However, with liveness properties we are allowed to make caveats: for example, we could say that a request needs to receive a response only if a majority of nodes have not crashed, and only if the network eventually recovers from an outage. The definition of the partially synchronous model requires that eventually the system returns to a synchronous state—that is, any period of network interruption lasts only for a finite duration and is then repaired.

Mapping system models to the real world

Safety and liveness properties and system models are very useful for reasoning about the correctness of a distributed algorithm. However, when implementing an algorithm in practice, the messy facts of reality come back to bite you again, and it becomes clear that the system model is a simplified abstraction of reality.

For example, algorithms in the crash-recovery model generally assume that data in stable storage survives crashes.
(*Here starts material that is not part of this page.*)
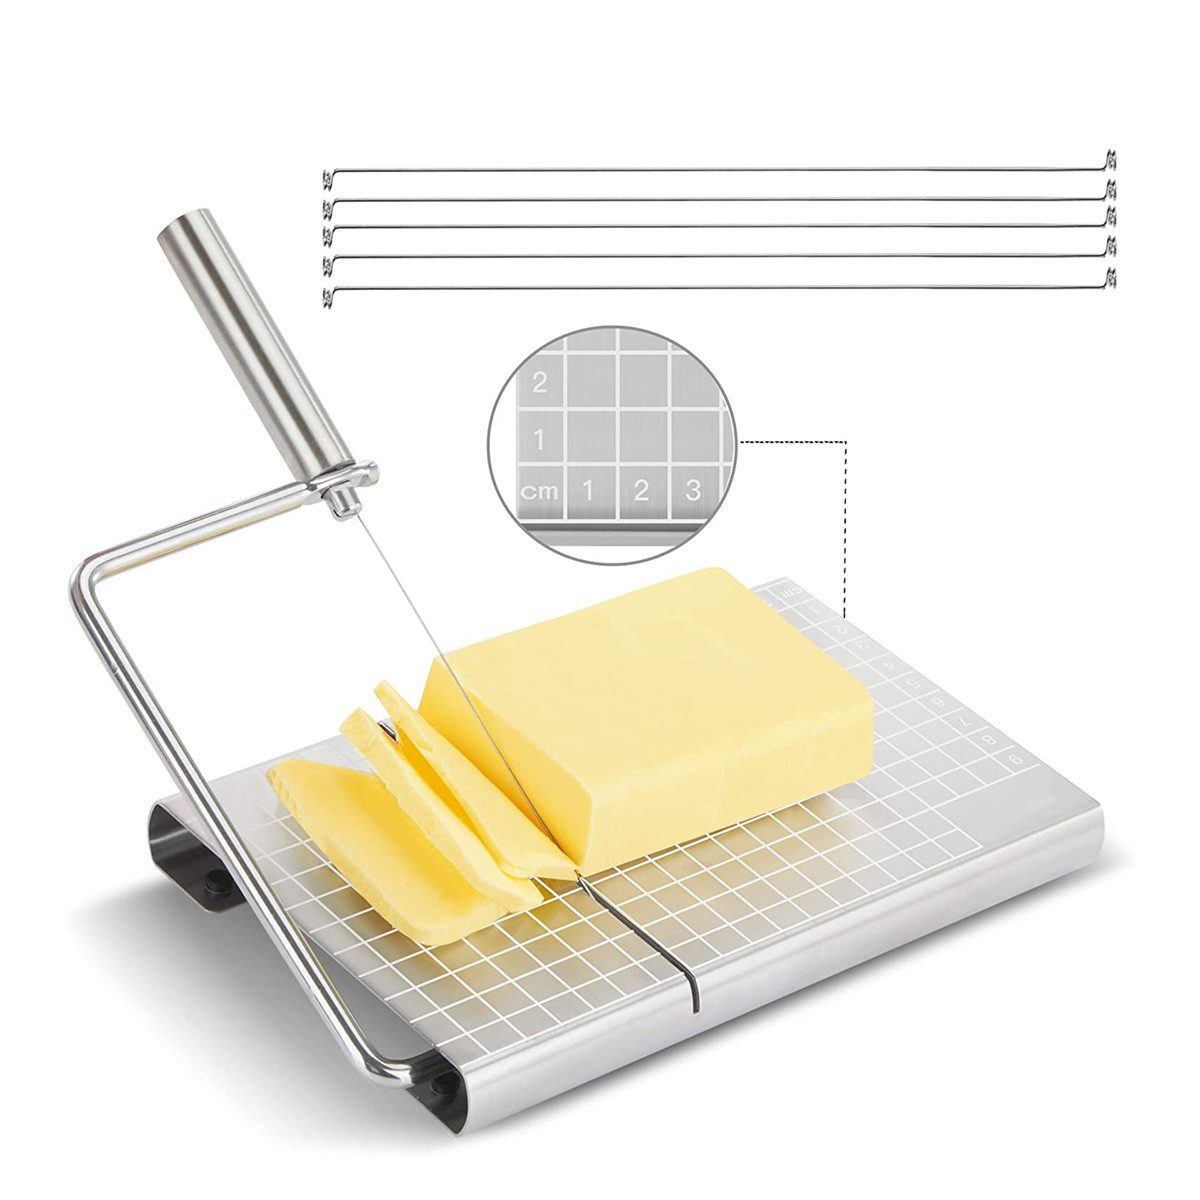 yozhiqu Käsehobel Käsehobel, Edelstahl, Draht Käseschneider für Käse Butter, mit variable Schnittlinien und abgestufter Platte (12 x 21 cm)

However, what happens if the data on disk is corrupted, or the data is wiped out due to hardware error or misconfiguration [91]? What happens if a server has a firmware bug and fails to recognize its hard drives on reboot, even though the drives are correctly attached to the server [92]?

Quorum algorithms (see “Quorums for reading and writing”) rely on a node remembering the data that it claims to have stored. If a node may suffer from amnesia and forget previously stored data, that breaks the quorum condition, and thus breaks the correctness of the algorithm. Perhaps a new system model is needed, in which we assume that stable storage mostly survives crashes, but may sometimes be lost. But that model then becomes harder to reason about.

The theoretical description of an algorithm can declare that certain things are simply assumed not to happen—and in non-Byzantine systems, we do have to make some assumptions about faults that can and cannot happen. However, a real implementation may still have to include code to handle the case where something happens that was assumed to be impossible, even if that handling boils down to printf("Sucks to be you") and exit(666)—i.e., letting a human operator clean up the mess [93]. (This is arguably the difference between computer science and software engineering.)

That is not to say that theoretical, abstract system models are worthless—quite the opposite. They are incredibly helpful for distilling down the complexity of real systems to a manageable set of faults that we can reason about, so that we can understand the problem and try to solve it systematically. We can prove algorithms correct by showing that their properties always hold in some system model.

Proving an algorithm correct does not mean its implementation on a real system will necessarily always behave correctly. But it’s a very good first step, because the theoretical analysis can uncover problems in an algorithm that might remain hidden for a long time in a real system, and that only come to bite you when your assumptions (e.g., about timing) are defeated due to unusual circumstances. Theoretical analysis and empirical testing are equally important.

Summary

In this chapter we have discussed a wide range of problems that can occur in distributed systems, including:

Whenever you try to send a packet over the network, it may be lost or arbitrarily delayed. Likewise, the reply may be lost or delayed, so if you don’t get a reply, you have no idea whether the message got through.
A node’s clock may be significantly out of sync with other nodes (despite your best efforts to set up NTP), it may suddenly jump forward or back in time, and relying on it is dangerous because you most likely don’t have a good measure of your clock’s confidence interval.
A process may pause for a substantial amount of time at any point in its execution (perhaps due to a stop-the-world garbage collector), be declared dead by other nodes, and then come back to life again without realizing that it was paused.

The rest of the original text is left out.